SlotForum banner

1 - 9 of 9 Posts

·
Registered
Joined
·
27 Posts
Discussion Starter · #1 ·
Hi,

I have 8 different Scalextric cars with the original magnufacturer magnets. On service sheets, the downforce mentioned is different for each car.
I suppose this is due to car weight, wheel width, ...

But how can I get the downforce of a magnet ALONE (without being fitted on car) (any formula ?) ? I use W8475, W8449 and W8695 magnets
Is there a web site or a tool to get this ?

Thank you so much.

Cheers.
 

·
Registered
Joined
·
3,570 Posts
The magnetic attraction between the magnet and the rails of plastic track depends how on the gap between them.
(To be technical, it follows an inverse square law - although this is something of a simplification when things are very close)
Try putting the magnet on the rails and you'll feel the attraction at its strongest, as soon as there is a slight gap the attraction reduces and gets smaller the further the magnet is moved away.
This can be used in car tuning by moving the magnet up and down to adjust the amount of attraction.
Obviously there is a practical minimum ground clearance under the car, so the maximum attraction is a good deal less than when stuck to the rails.
 

·
Registered
Joined
·
27 Posts
Discussion Starter · #3 ·
Thank you for the explanation.

What i'm looking for is the absolute value of each magnet without being fitted on any car, like you said being posed on the rails.
Some magnets are stronger than others. Like you say, you can feel this just by placing the car on the track.

But how do you determine its strenght ? expressed in tesla ? in mg ? in gms ?

Is there any data about the standard magnet i described ?

Thank you so much.
 

·
Registered
Joined
·
3,570 Posts
Magnetic attraction is a force, so it should be measured in units of force.
For slot car use it is usually expressed as grams. (Physicists among us will know that's not correct, it would be better given grams force, but most people just call it grams.)

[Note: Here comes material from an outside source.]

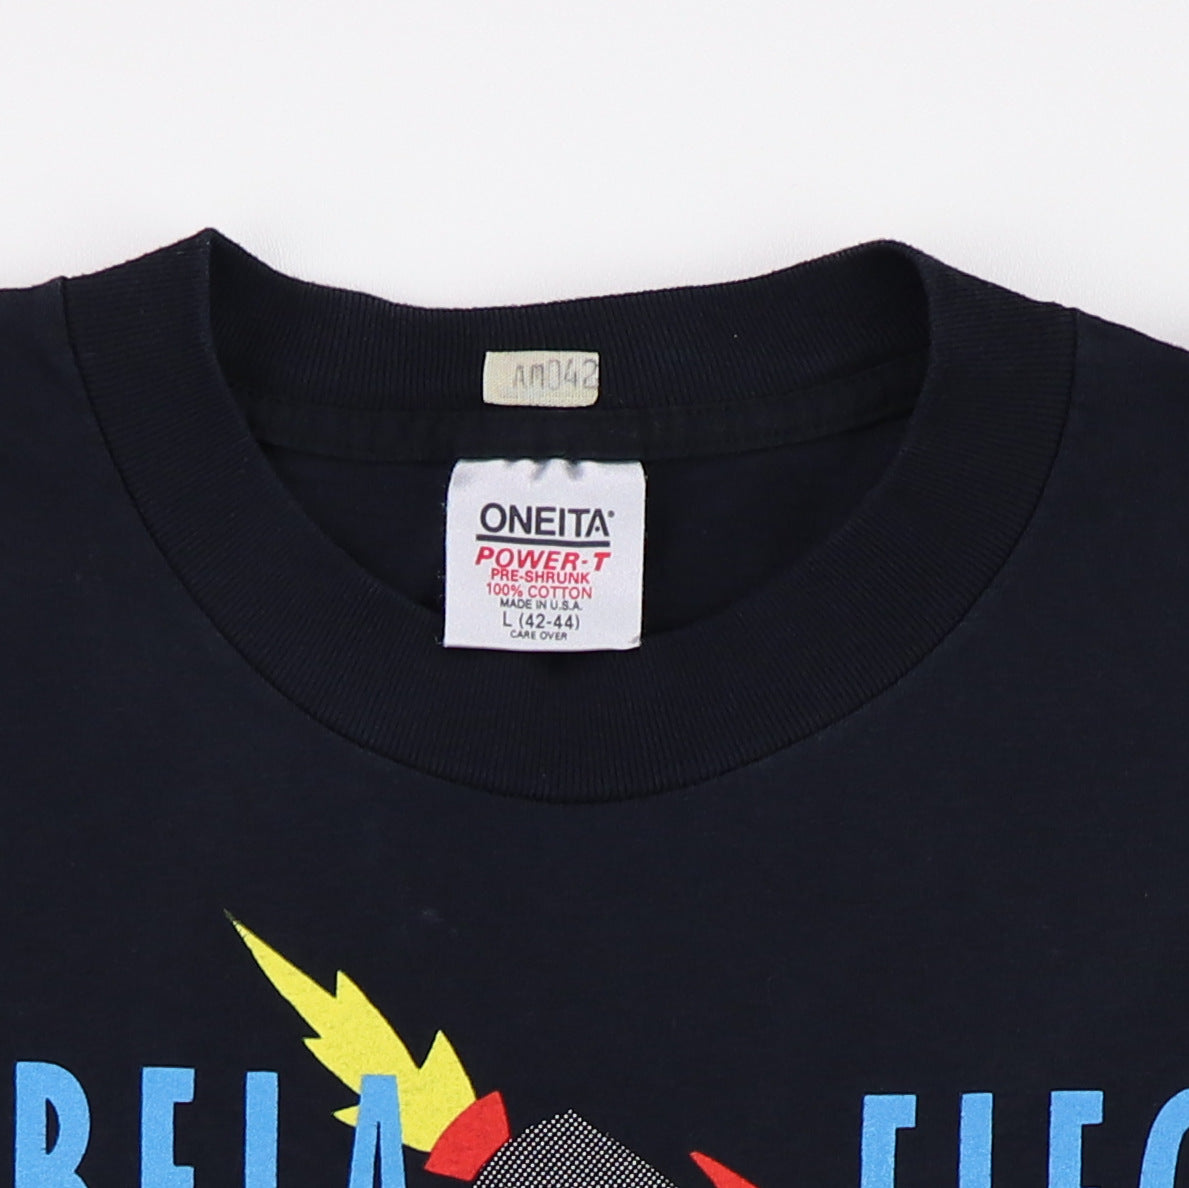 1990 Bela Fleck And The Flecktones Shirt

There is a tool called a Magnet Marshall which is used to measure this force.
Magnet Marshalls are often used in scrutineering for races where the rules limit magnetic attraction.
 

·
Rich Dumas
Joined
·
3,547 Posts
A Magnet Marshall is used to measure the attraction between the magnet(s) and the rails with the magnet(s) in the car. If you want to know the strength of the magnet itself you need to use a magnetometer (gauss meter). Magnets from the same source can vary in strength by a significant amount, however the location of the magnet in the car can be more important than the strength of the magnet, therefore Magnet Marshall readings are probably more relevant.
 

·
Greg Gaub
Joined
·
14,669 Posts
Even if you had magnets you believed to be identical (which is hard), AND cars which are seemingly identical, just a fraction of a mm difference in ride height can make one car have noticeably stronger magnet traction than another with the same set up. Like Rich said, it's more useful and important that the entire unit be measured on something like a magnet marshal. There are some DIY solutions out there if you can't find, or don't want to splash for a brand name Magnet Marshal. As long as all cars are measured on the same device, and made to be as close as possible, it's all good. Remember, lots of things can change magnet traction, such as braid thickness/springiness, front wheel trueness and/or diameter. rear wheel true and diameter, chassis cup or bow, or even chassis flexibility, bushing play, not to mention the track itself having spots where the surface is high/low, or the rails are high/low. ;-)
 

·
Registered
Joined
·
2,762 Posts
As has been said it will be very expensive to buy a Gauss meter to measure your magnets and even then it won't mean much.

What you CAN do is to determine which magnets are stronger and/or equal. Do this by simply dipping each magnet in a pile of small nails/tack/ball bearings and count how many each magnet picks up. This will obviously be a relative and non-dimensional measurement ( in the accepted sense) but may suit your purpose. If you have a scale you could measure the weight of the nails.

Again as has been said to do this scientifically you'll need to buy a MM or make your own. There are threads about DIY magnet marshals.
 

·
Registered
Joined
·
2,762 Posts
ISP unresponsive again!
 

·
Rich Dumas
Joined
·
3,547 Posts
I have a magnetometer and they are rather costly. You can buy a Hall effect sensor and make your own cheap magnetometer. A home made magnetometer is good for determining the relative magnetic strength. We used home made equivalents to the Magnet Marshall before those were available, there was one for each track and there was a standard magnet so that they would all read the same.



The device did not tell the whole story, however. Where the magnet was located was also important and we had to change our rules to take that into account. Eventually we got away from using magnets.